The Organisation for Economic Co-operation and Development has suggested a range of measures Belgium could take to tackle its low effective retirement age in a new economic survey published today.

In the report, the OECD said increasing the effective retirement age, which is currently among the lowest in the OECD, is a priority and requires a “broad-based” approach.

The organisation reiterated its long-held view that remaining “exit routes” to early retirement should be closed. In order to do this, the study said measures should focus on increasing the enrolment age in early retirement programmes, and replacing sectoral exemptions.

Furthermore, the report suggests changes aimed at making it more economically beneficial to remain in the labour market, pointing to a need for increasing the taxation of pensions to the same level as is applied to similar income from other sources.

The study said older workers on unemployment benefits should be subject to the standard search obligations applicable to other unemployed without exemptions, and all employer-provided top-ups should be taxed similarly to other work-related income.

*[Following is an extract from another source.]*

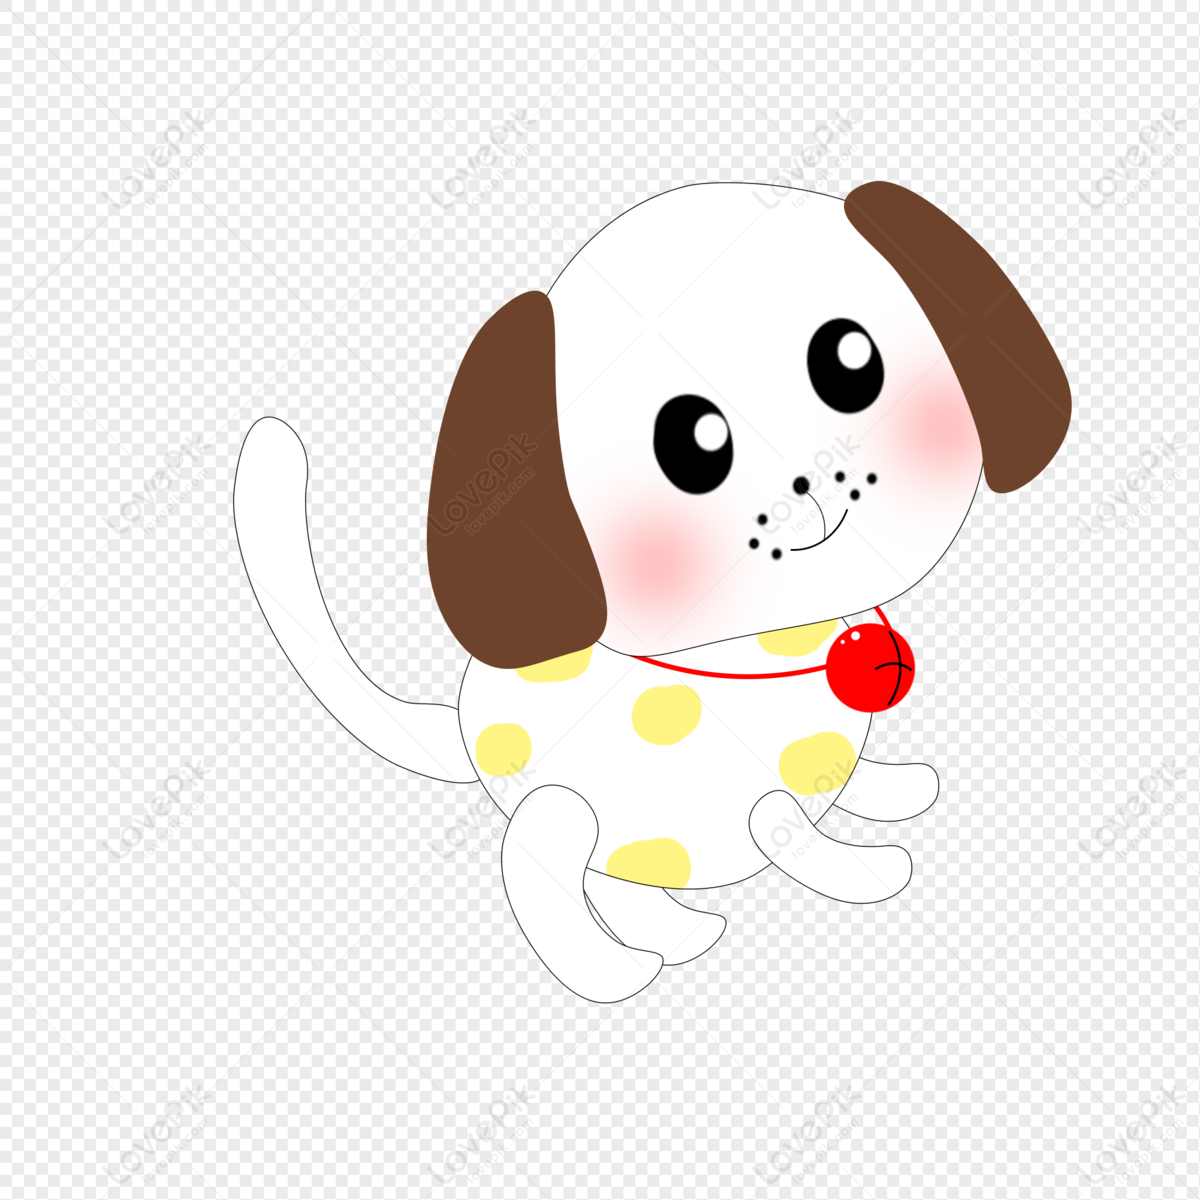 Cartoon Dog PNG Picture And Clipart Image For Free Download - Lovepik |  401276475

“In addition, a differential in the accumulation of pension entitlements between unemployed and employed should be introduced. The 2005 Intergenerational Solidarity Pact contains provisions for longer careers to secure a full pension as the increase in the effective retirement age falls short of expectations. The effectiveness of this strategy will depend on introducing measures to improve labour demand for older workers, such as ensuring that their wages and productivity are aligned,” the report said.